In post-apartheid South Africa, political party affiliation still falls mostly along racial lines.

The Democratic Alliance is supported primarily by white and mixed-race voters, while most black voters vote for the ANC, the ruling African National Congress — the party of Nelson Mandela. Recently, though, the Democratic Alliance has made efforts to attract black voters.

The party's leader, Helen Zille, is white. Its largest voting bloc is white and its headquarters is in the western cape, South Africa's whitest province.

Lindiwe Mazibuko hopes to change that.

"Only one political party in South Africa is the party of the future. That party is the DA," the 31-year-old said at a political rally last year.

In October, she became the party's new leader in Parliament, making her the highest ranking black politician in the party's history.

Political analyst Eusebius Mckaiser said her sudden appearance shook up the political scene because most South Africans are used to seeing black politicians side with the ANC, the party that led the struggle against apartheid. Mckaiser said many view the ANC as the real hope for black South Africans.

During her rise to power, Mazibuko held rallies in black townships, traditional ANC strongholds. She challenged the ANC's monopoly on the black vote and strongly criticized their politics.

"This is the kind of politics that uses the scars of apartheid to hold the people of this country to ransom, and tells them, 'You can only vote for one country. We own your vote.' It's not true. Nobody owns anyone's vote in South Africa," she said.

Political opponents have tried to discredit Mazibuko, saying that she is simply a black figurehead for a white party. At a news conference last year, Julius Malema, the controversial former president of the ANC Youth League, called her a "tea girl" for Zille, saying she "must remain there in the kitchen for making the tea for the Madame."

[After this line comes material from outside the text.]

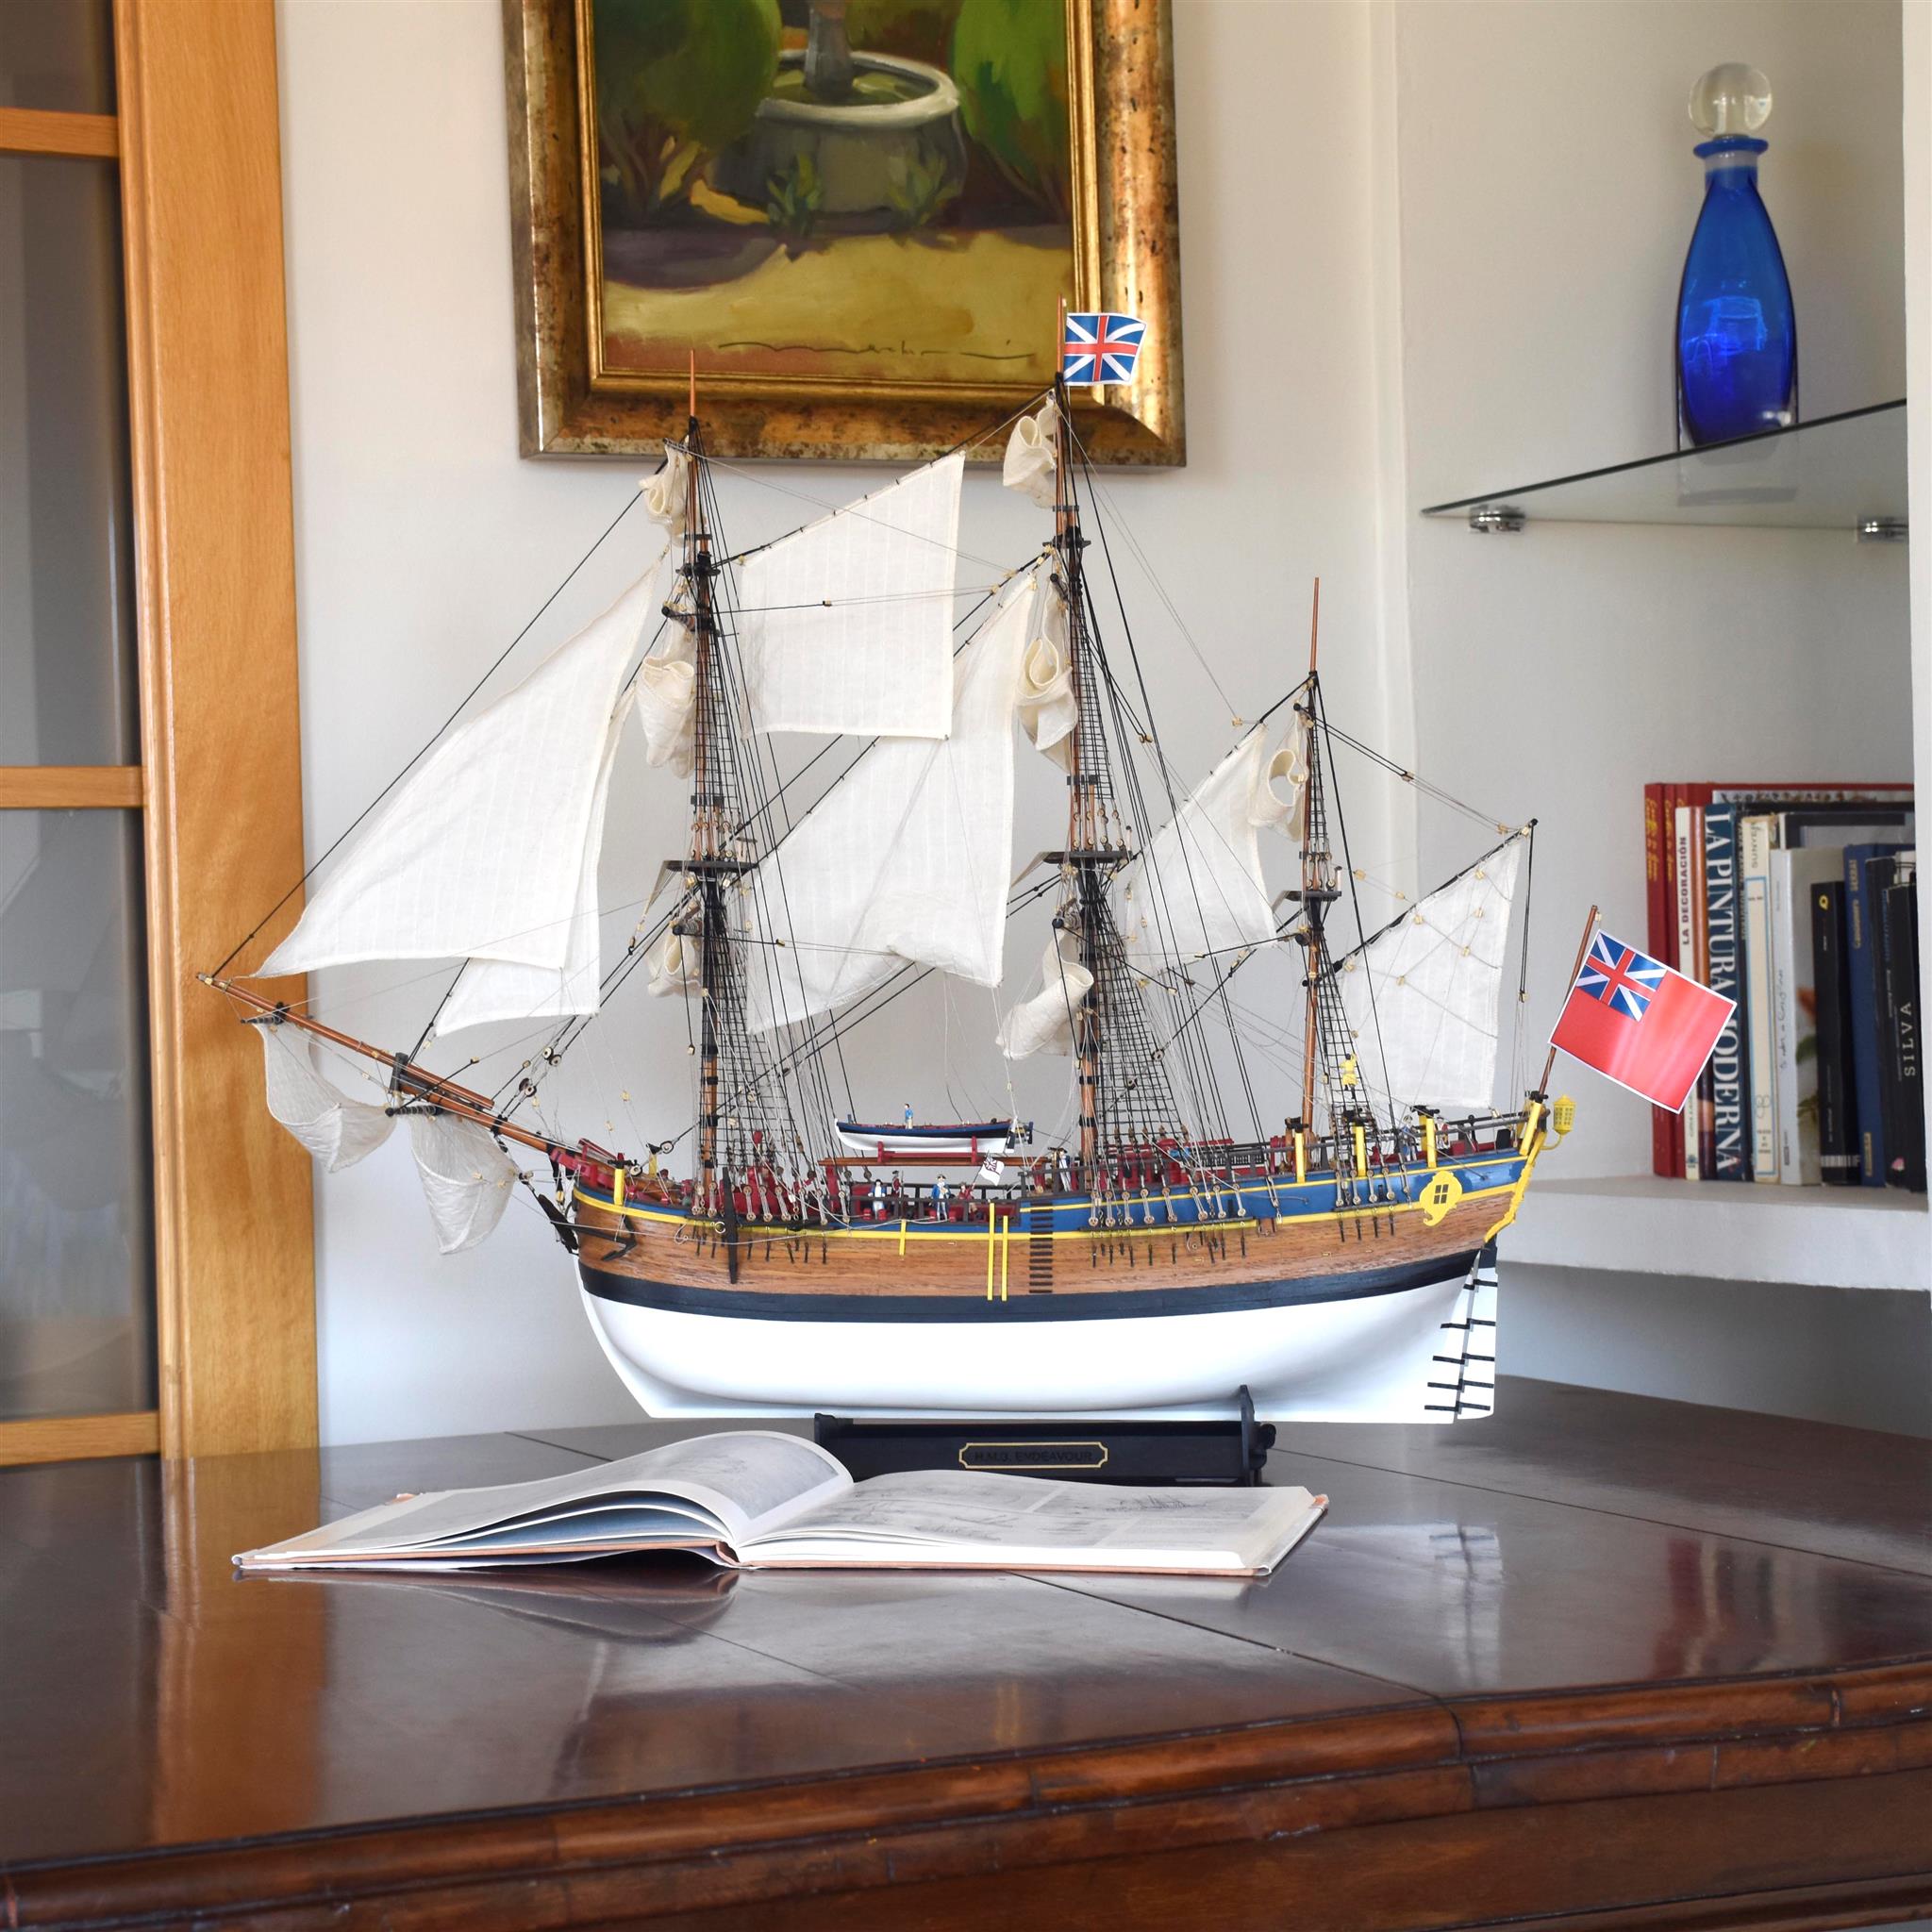 Gift Pack with British Ship Model HMB Endeavour (22520-L) by Artesania Latina.

Mazibuko isn't fazed by the criticism.

Mazibuko and DA officials maintain her selection was based on her own merits, but so far, Mazibuko hasn't won over many black voters.

The Democratic Alliance earned just 24 percent of the national vote in the last elections, and only 5 percent of the black vote. Political experts say many voters have trouble relating to Mazibuko, who is highly educated, grew up in a free South Africa, and didn't experience the struggle against apartheid.

In an attempt to reach university students, the Democratic Alliance also put out a controversial poster, which shows a white man and black women naked from the waist up in an intimate embrace. It says, "In our future, you wouldn't look twice."

Reagen Allen, a spokesperson for the DA Youth League, said the poster reflects the DA's stance on race.

"We believe in an open opportunity society, where all people are free, equal, and secure," he said. "The younger generation, to a large extent, they don't see race anymore. They see a human being."

But a lot of young people disagree. A University of Cape Town student said it's ridiculous to suggest young South Africans wouldn't look twice at an interracial couple, or that they no longer see race.

"In this country, even though we are a rainbow nation, there are still stigmas and stereotypes of black and white," she said.

Another student said maybe in the future race won't matter, but for now, it matters a lot.

In many ways, the DA's quest for political power is a test of their assertion that race shouldn't matter. But if their slow progress against the ANC is any indication, most South Africans, and especially most black South Africans, aren't buying it.